Джон стоял багровый, взмокший от пота, только синие подслеповатые глаза его решительно поблескивали из-под очков.
– Так ты, Курятов, отказываешься признать ошибки своего отца?
– Я не могу признавать ошибки, которых не совершал, – бесстрастно, словно заученный урок, ответил Джон.
– Но они признаны советской общественностью, партией.
Джон молчал.
– Отказываешься ты от своего отца и его вредительской деятельности?
– О деятельности его я ничего не знаю. А от отца не откажусь никогда. Его Ленин знал и ценил. – Отчаянная трещина вдруг зазвенела в его голосе.
Я взглянула на Валю. Он сидел молча, покусывая ногти, и напряженно глядел в огромное, безудержно голубое окно. Глаза его потемнели и потеряли обычную прозрачность.
– Ты, Курятов, не крути. Отказываешься от отца или нет?
– Нет… – еле слышно прошептал Джон, и этот шепот прозвучал как вздох облегчения.
– Клади на стол комсомольский билет!
– Билет не отдам. Ни за что не отдам! Я ничего не сделал, чтобы вы могли его у меня забрать…
– Дисциплинка…
Но Джон, не дослушав, вдруг повернулся и решительным шагом направился к двери. Задержавшись на минуту, мрачно сказал:
– Пусть от Сталина позвонят, тогда отдам.
– Не дури, Курятов! – возмутился представитель райкома. – Только у товарища Сталина дел, что такими сопляками заниматься…
– Мы не сопляки, мы люди! – тихо сказал Джон. – А человек – это главный капитал партии. Кадры решают всё! Вы помните, кто это сказал, товарищ представитель райкома? А билета у меня с собой всё равно нету…
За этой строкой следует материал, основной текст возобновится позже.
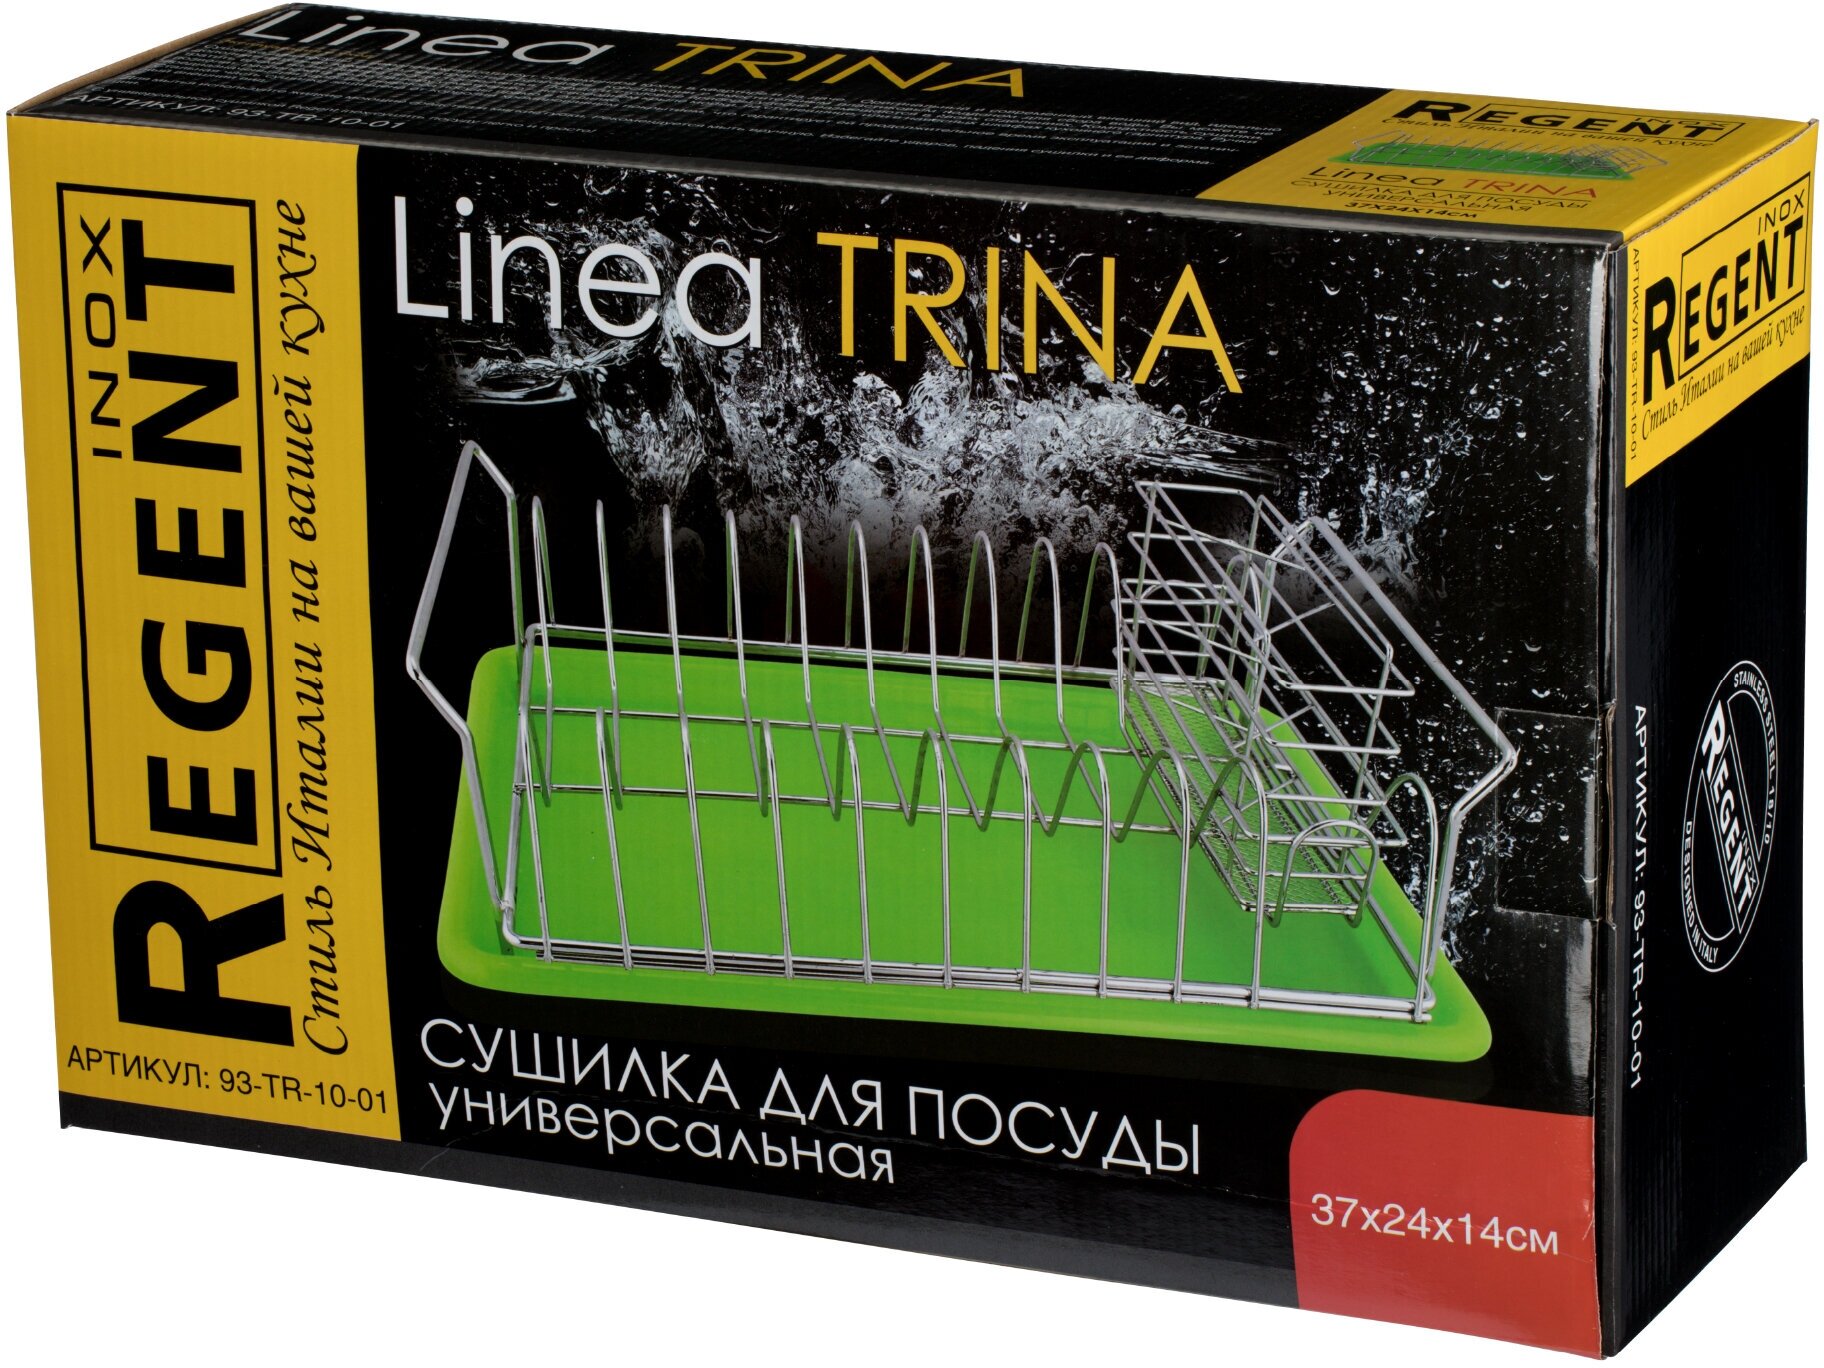 Сушилка для посуды Regent Inox TRINA универсальная, 37х24х14 см

Видя, что с упрямым мальчишкой ничего не поделаешь, председательствующий проголосовал предложение об исключении Курятова Д. из комсомола и объявил собрание закрытым.
Мы расходились в молчании. Я догнала Джона в коридоре.
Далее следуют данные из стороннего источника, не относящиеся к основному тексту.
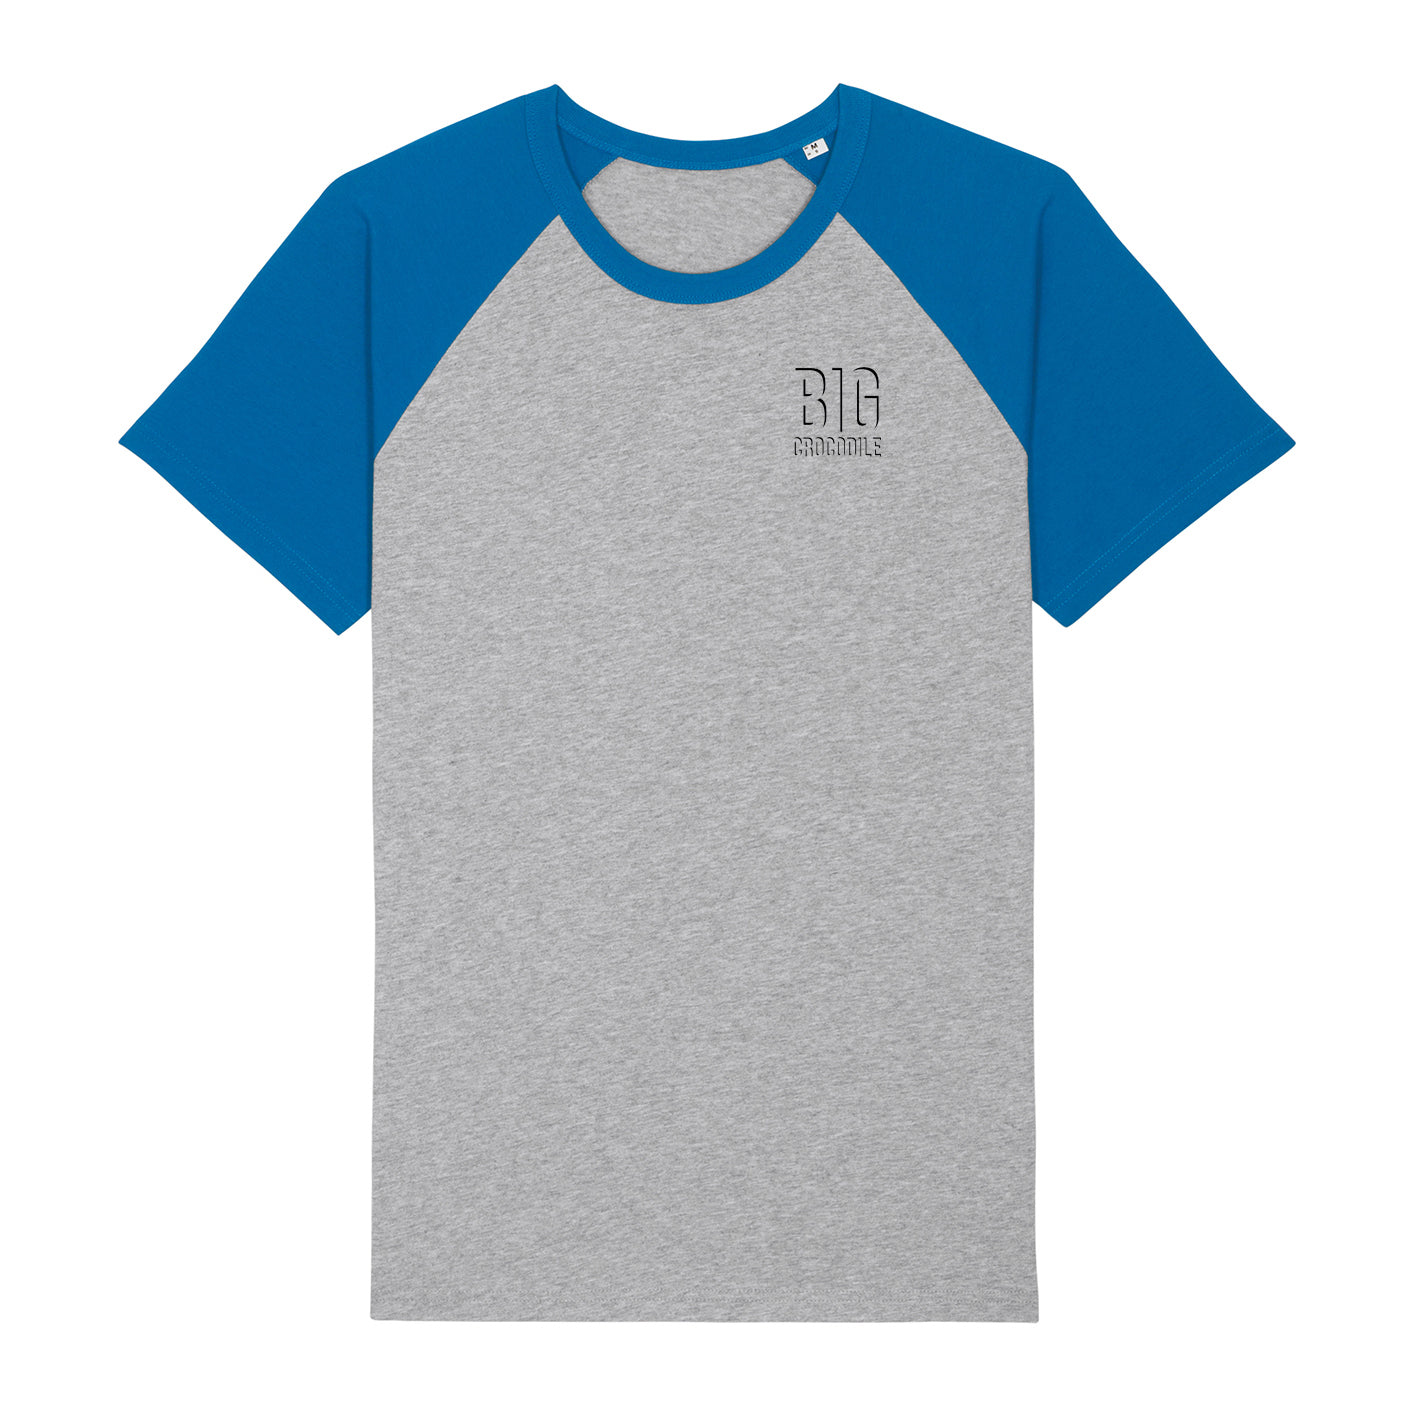 SALE ITEM - Varsity T shirt

– Пойдем походим, – сказала я. – Погода мировая…
– Что ж, это можно, – согласился Джон и улыбнулся задиристо и виновато: жалеешь, мол!
Прямо на нас по коридору бежал неизвестно откуда взявшийся маленький и юркий мальчишка из седьмого класса. Он не смог остановиться и с разбегу ткнулся Джону в живот.
– Эк, куда тебя… – с раздражением сказал Джон. – Ошалел, что ли?
Мальчишка оскорбился.
– А ты молчи, вражья морда, отца в застенок упрятали, а он тут распоряжается…
Джон растерянно замигал, всё это было так неожиданно. Вдруг чья-то рука с силой схватила за шиворот маленького крикуна. Я услышала голос. От волнения он заикался сильнее обычного и растягивал слова:
– Ме-ерзавец, да-а ка-ак ты сме-ешь?! Что ты-ы по-онимаешь! А если его отец пра-авда вра-аг народа, так это же бе-еда, страшная бе-еда, как боле-езнь или сме-ерть, по-онима-ешь? А ты на него, сволочь! Он-то ве-едь не виноват! Я убью те-ебя, по-оганец!
Мальчишка вертелся, стараясь вырваться, но Валя крепко держал его.
– Про-оси прощенья, немедле-енно, по-одлец!
– Пусти его, Валька, – сказал Джон. – Что он понимает, седьмой класс…
Валя отпустил извивающегося мальчишку и, ни слова не говоря, пошел к выходу. Я посмотрела на Джона. Он улыбнулся мне и неожиданно сказал:
– Молодец ты!
– Почему же я?
– Всё понятно, пошли походим!
Да, всё было понятно. И я была счастлива.
22
А потом пришло лето. Сухое и знойное лето 1937 года. Солнце пекло нещадно, бумага, оставленная на солнце, сворачивалась, желтела и ломалась. На улицах продавали рыжие испанские апельсины, завернутые в цветные тоненькие бумажки. По радио передавали испанские революционные песни. Где-то далеко, истекая кровью, боролась и не сдавалась революция, и мы мечтали попасть туда, в испанские горы. Но это была только мечта, и нам казалось, что мы опоздали родиться.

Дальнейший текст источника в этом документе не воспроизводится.